How Can Beggars Afford To Keep Dogs?

The Skinny Dog Agency

by Andrew Sims (AndrewS@mortdieu.demon.co.uk)
written 02 Oct 1995

This article is classified "Partly real, partly fictional"


You can't have helped noticing that over the last few years, there has been
a large increase in the number of professional beggars on the streets of the
Western World.  This is not the right place to go into the reasons behind
this trend - what I am concerned with here is one of the associated
phenomenon.

Personal observation has shown that seven in eight of these beggars are
accompanied by a thin, scraggly dog.  The logic behind this is impeccable:
the British (at least) are soft touches for animals, and are much more
likely to give money to feed a starving dog than a human - thus the need for
the skinny dogs.  However, what has always puzzled me is this; these beggars
are supposed to be starving, with almost no food, and even less money.  How
can they afford to keep a pet?  Why don't they just eat the damn dog?  I
imagine that there's enough meat on a Great Dane to feed a good-sized family
for a week or so.

So after several months of careful research, I came to the only possible
conclusion - the beggars do not eat the dogs because the dogs are not the
beggars' to eat!  I believe that, according to strict Keynesian laws of
supply and demand, the has arisen a company which hires these dogs out to
beggars each day.

Every morning, the mendicants go to collect today's pooch from the Skinny
Dog Agency, and go out on to the streets for the day, before returning it
in the evening.  The fee is, of course, a part of the beggar's (increased)
take for the day.  The dogs, meanwhile are treated like royalty, no doubt
eating prime rump steak, and having the dishevelled look of their fur
carefully maintained by teams of dedicated, loving, hairdressers.
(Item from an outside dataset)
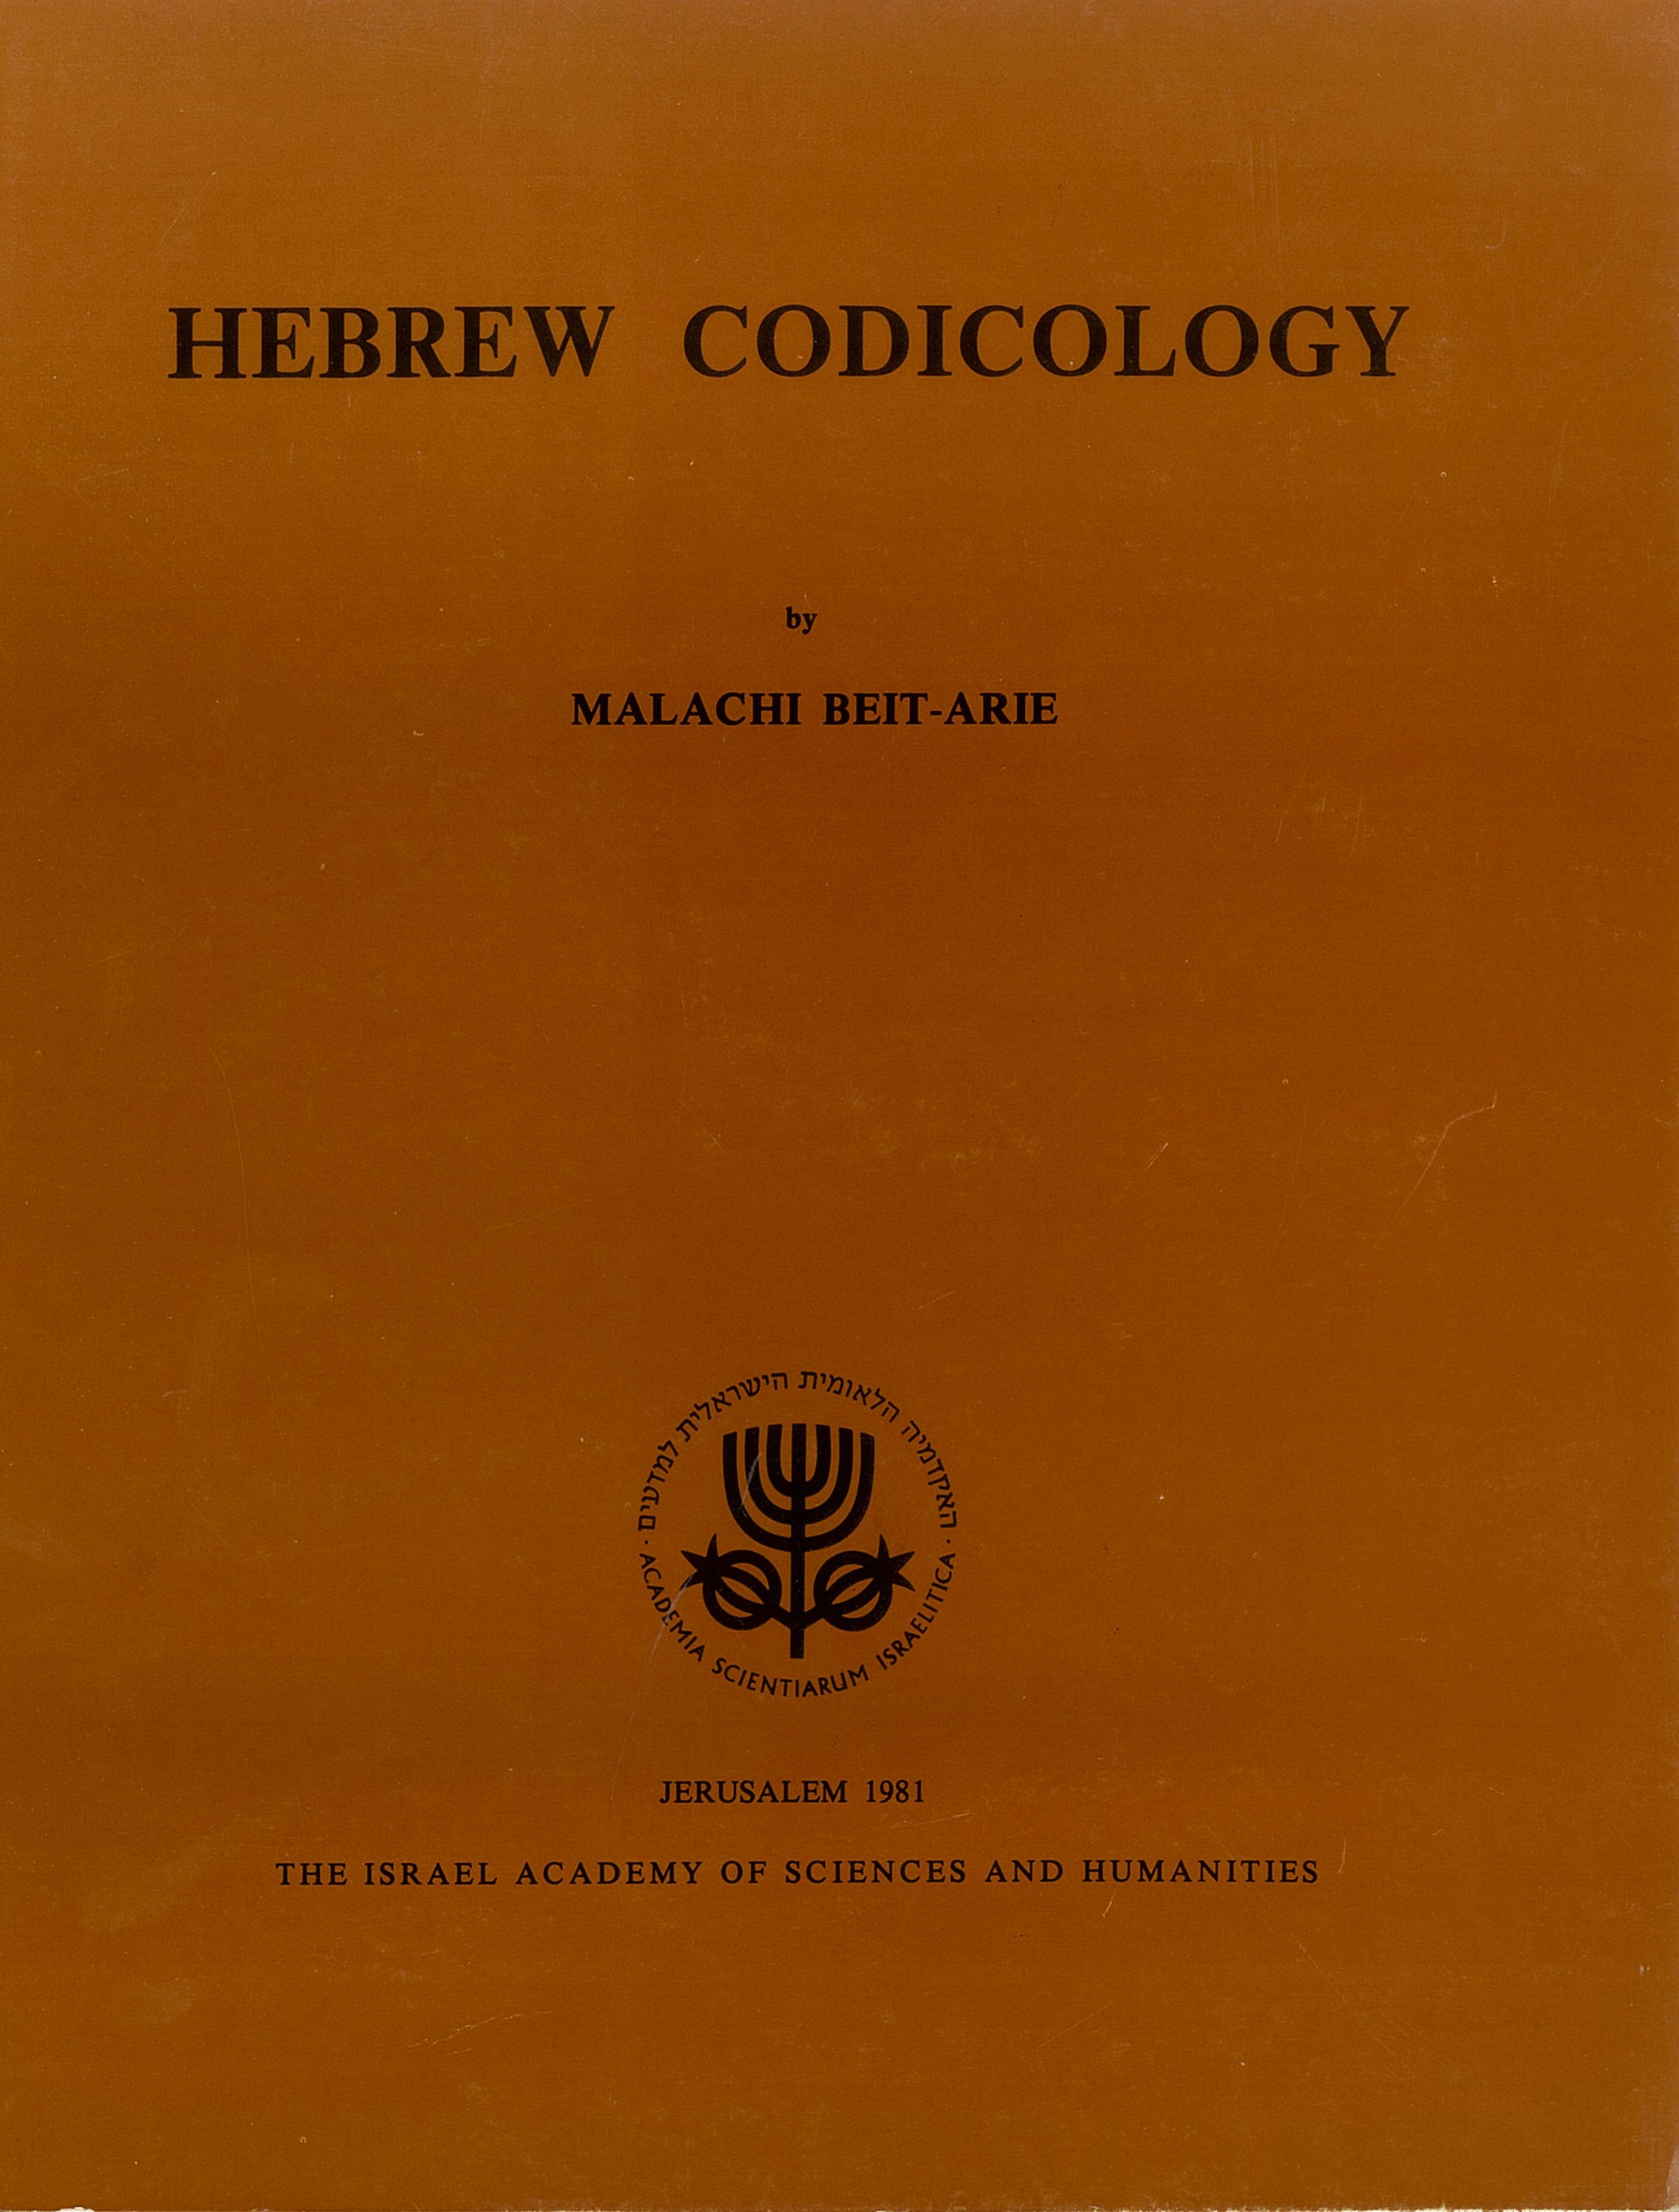 Hebrew Codicology

It has also been conjectured that the Skinny Dog Agency is branching out
into other, associated, realms of business - is it merely coincidence that
every class at school, every lecture at every University, and each and
every Hall of Residence, has one total no-hoper (exactly one, you'll notice;
never more, never less).  You all know the type, the guy or girl who sits
on the front row, asking dumb questions about things that are so obvious
that everyone else instantly worked them out...  I ask you - are they
really as dumb as they look?  Can anyone really be that dumb?  Are they,
perhaps, highly-trained method actors, retained by the Universities to make
even the dumbest of regular students feel a warm glow of superiority?

So, the next time you pass a beggar in the street, Skinny Dog (TM) by his
side, remember that no matter how hungry he gets, he won't be able to eat
roast dog - so hand over a few coins, OK?